*Work instructions*.
Restate the whole of the data below word for word, skipping the images.

[[ Available data, beginning ]]

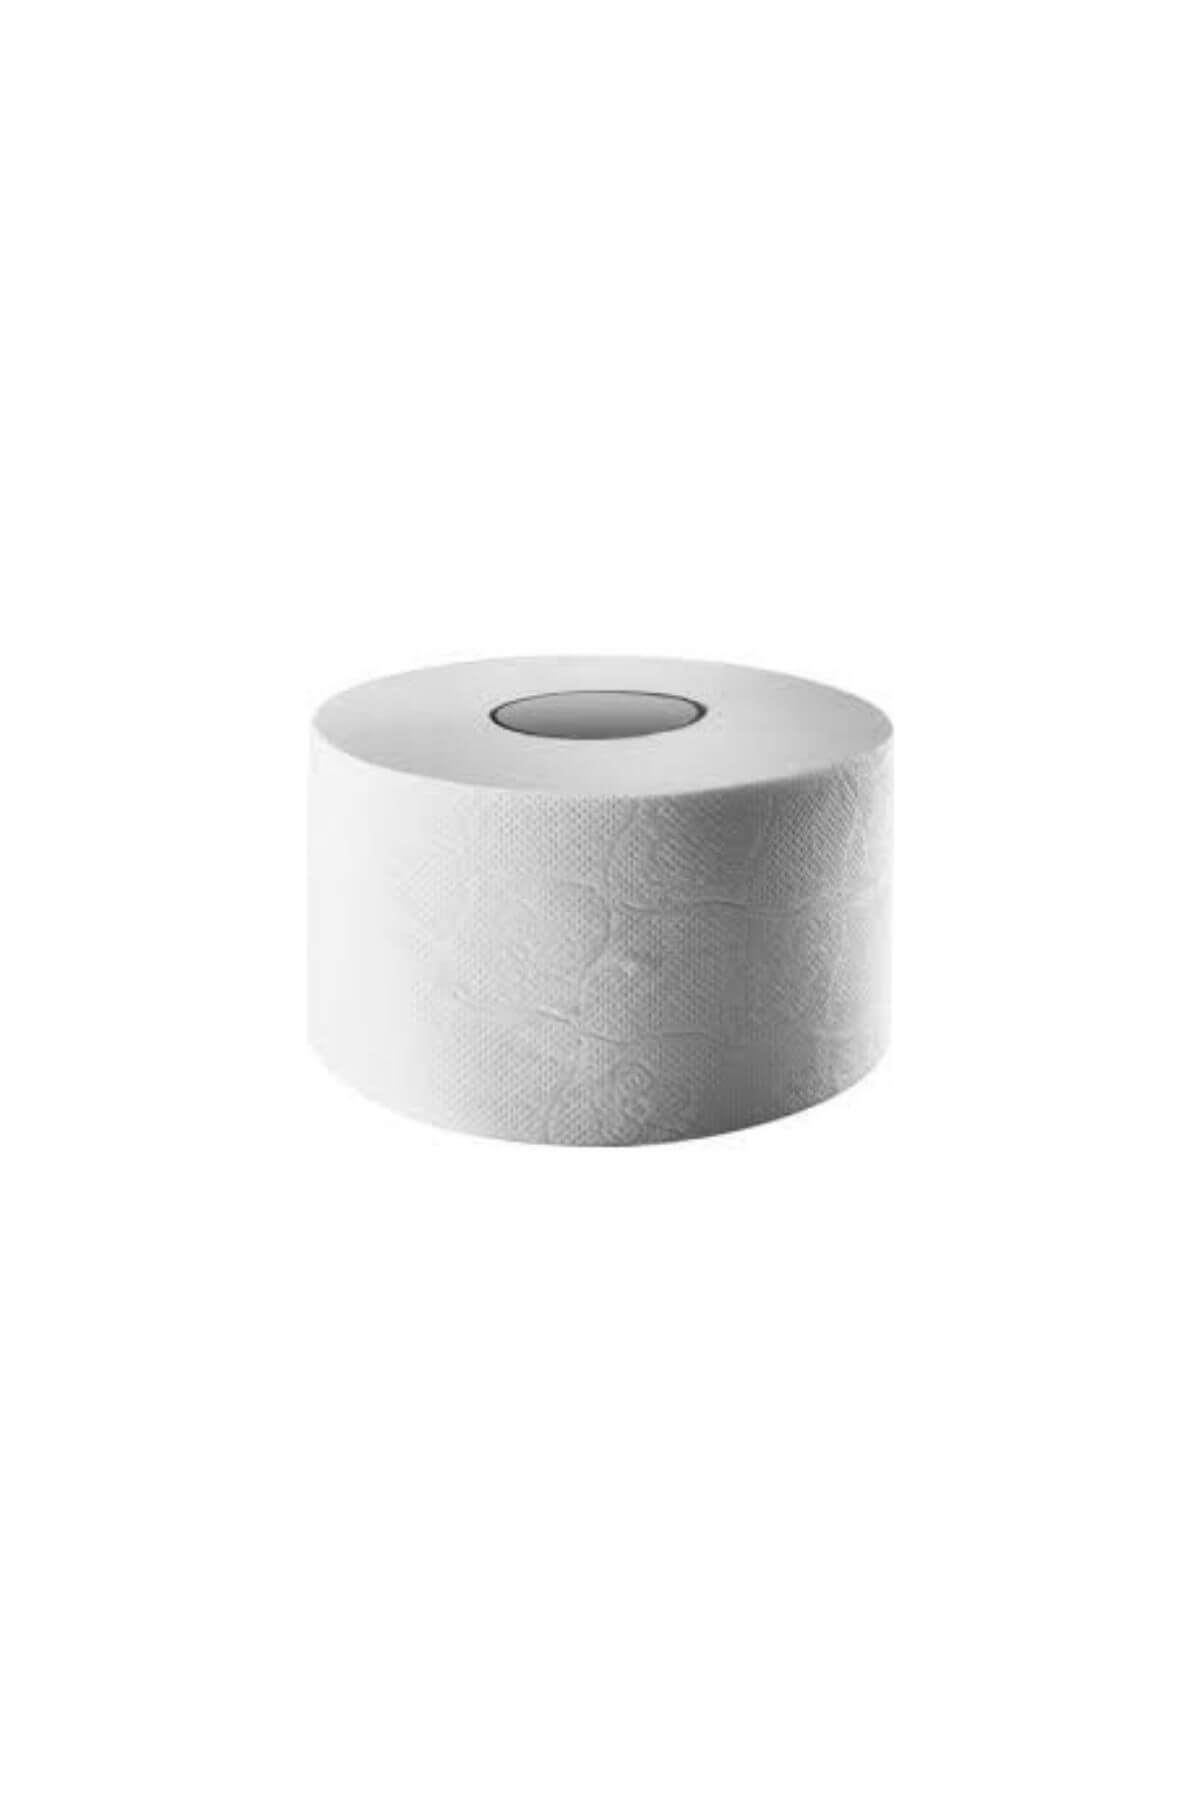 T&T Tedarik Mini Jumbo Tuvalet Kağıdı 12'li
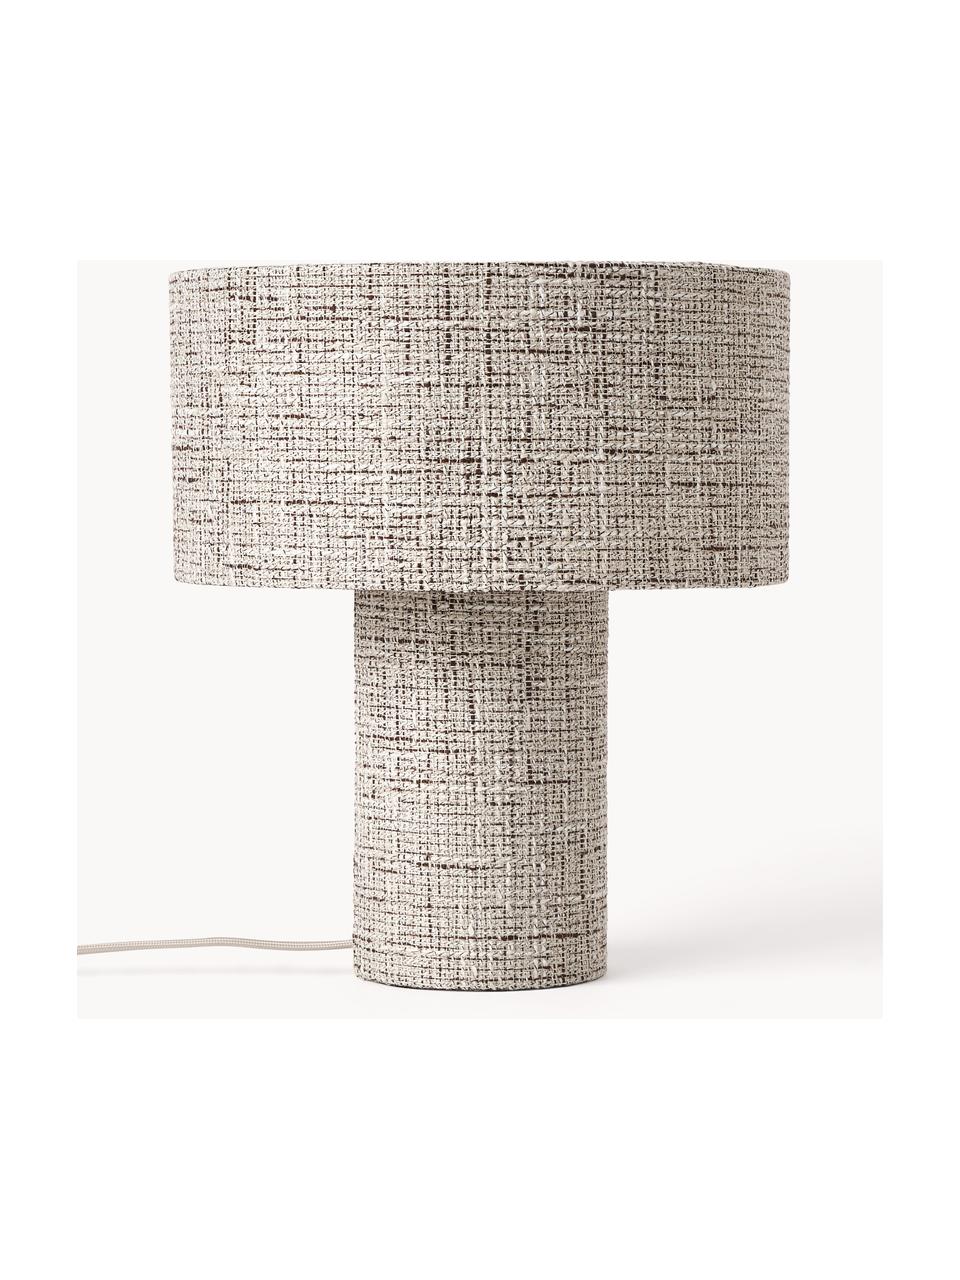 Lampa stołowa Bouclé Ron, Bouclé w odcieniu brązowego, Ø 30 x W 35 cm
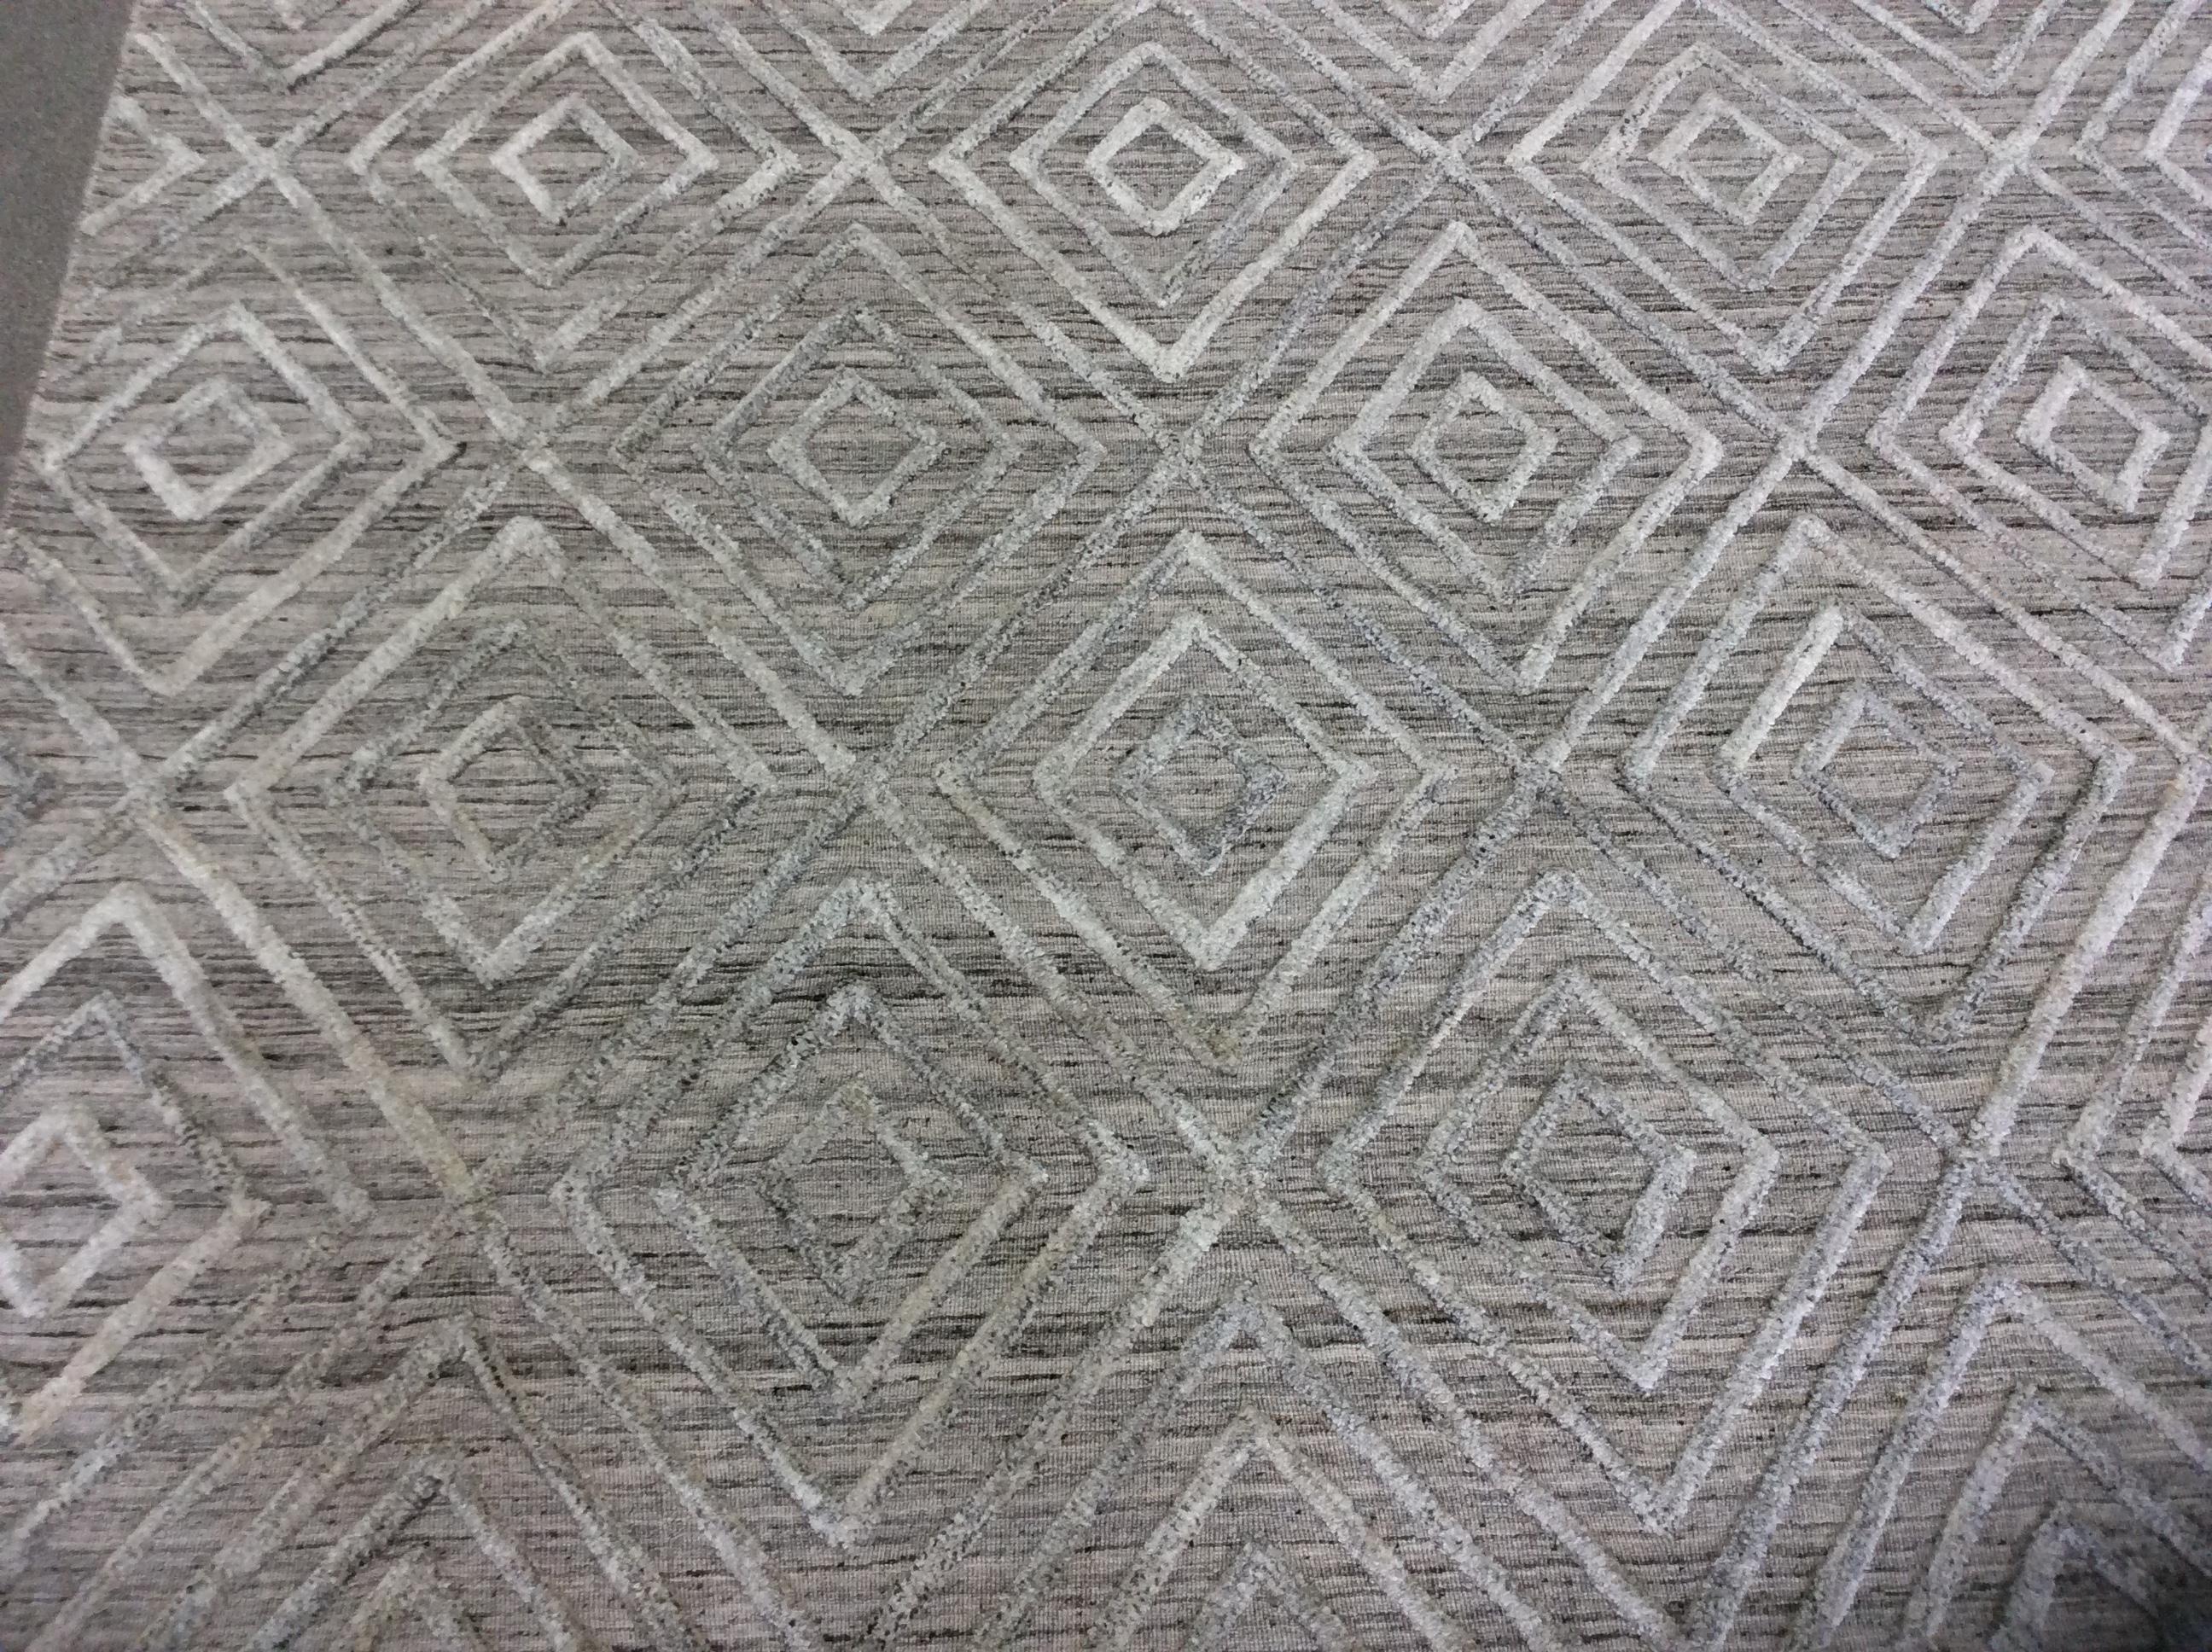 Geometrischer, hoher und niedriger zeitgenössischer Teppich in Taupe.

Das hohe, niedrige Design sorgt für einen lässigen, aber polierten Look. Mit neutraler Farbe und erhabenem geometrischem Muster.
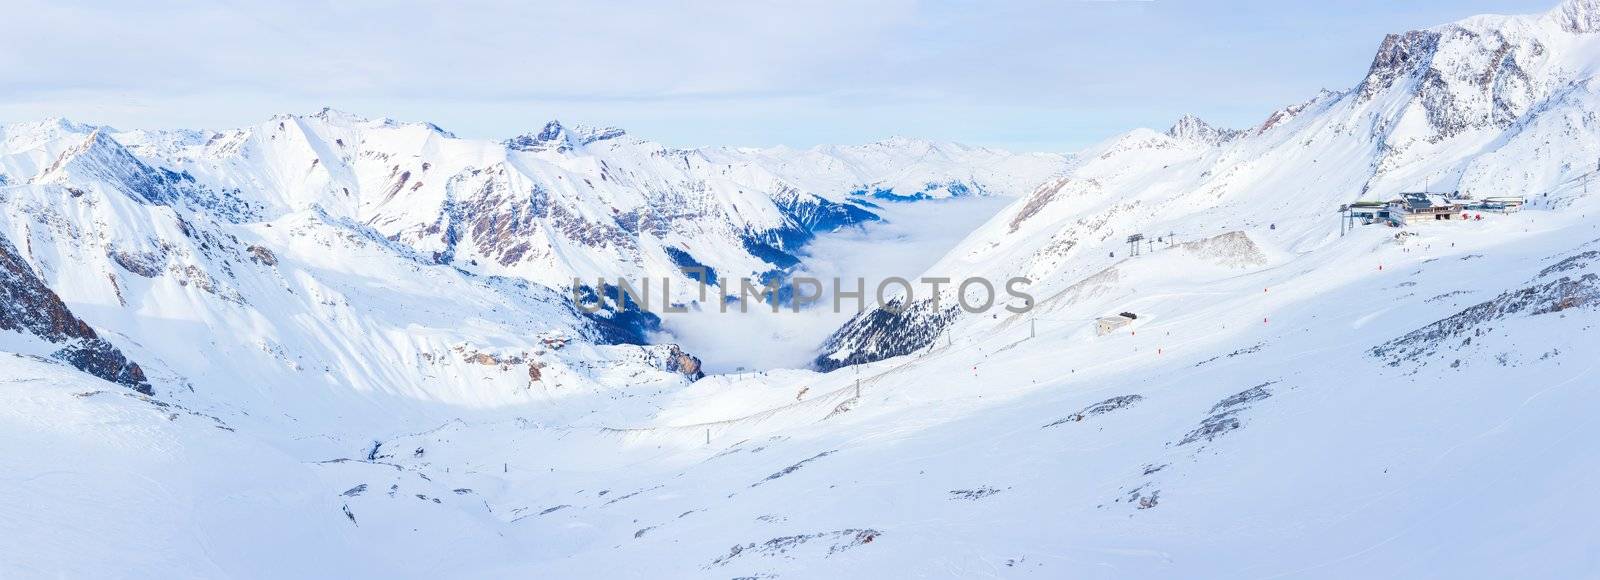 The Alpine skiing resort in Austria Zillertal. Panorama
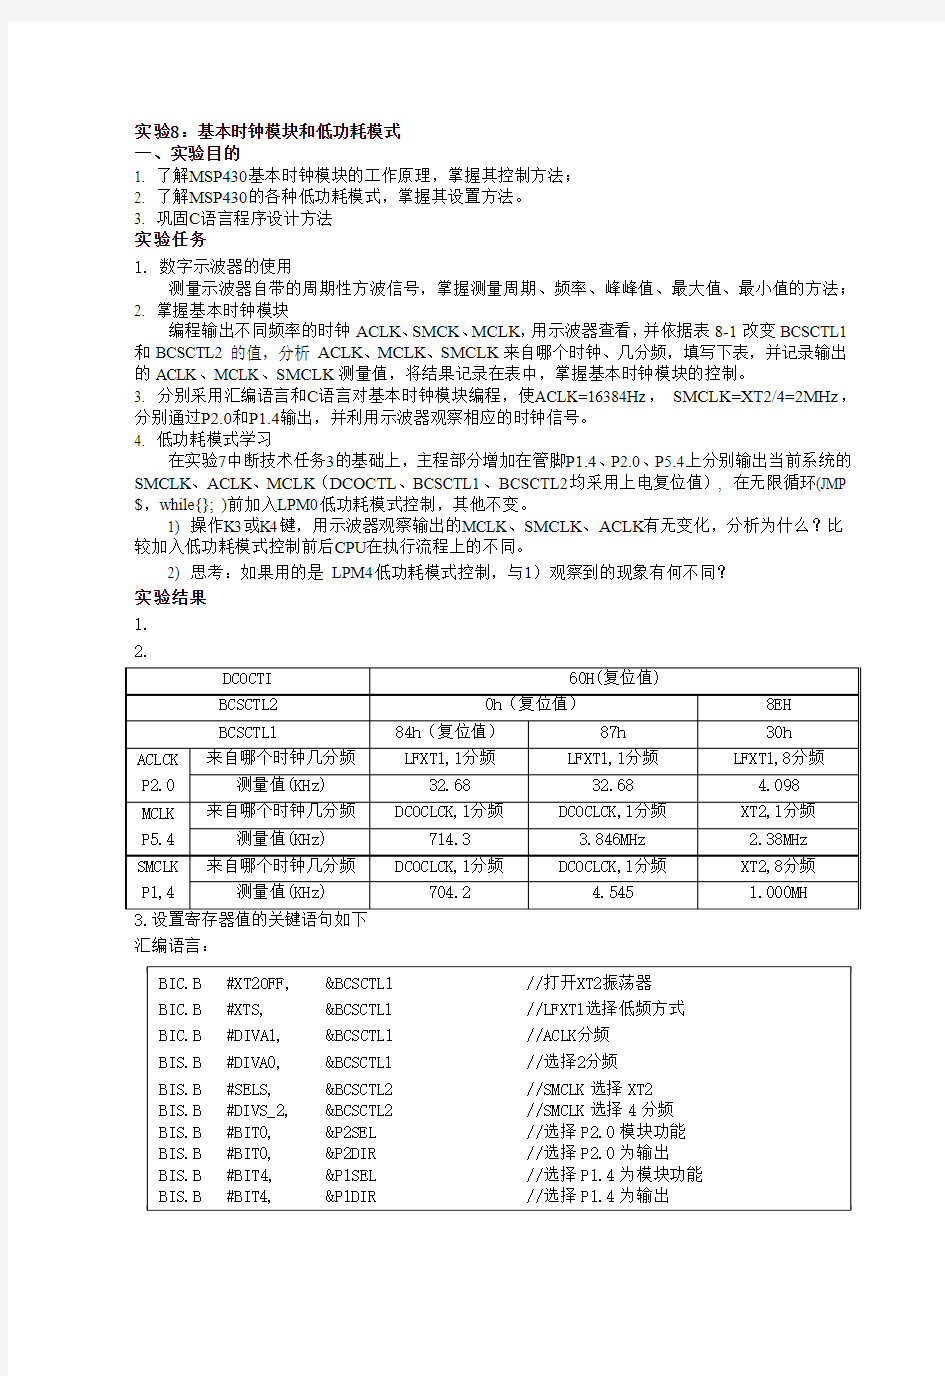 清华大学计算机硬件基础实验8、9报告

[[ Available data, end ]]

*Result of the task*.
 T&T Tedarik Mini Jumbo Tuvalet Kağıdı 12'li
 Lampa stołowa Bouclé Ron, Bouclé w odcieniu brązowego, Ø 30 x W 35 cm
 Geometrischer, hoher und niedriger zeitgenössischer Teppich in Taupe.

Das hohe, niedrige Design sorgt für einen lässigen, aber polierten Look. Mit neutraler Farbe und erhabenem geometrischem Muster.
 The Alpine skiing resort in Austria Zillertal. Panorama
 清华大学计算机硬件基础实验8、9报告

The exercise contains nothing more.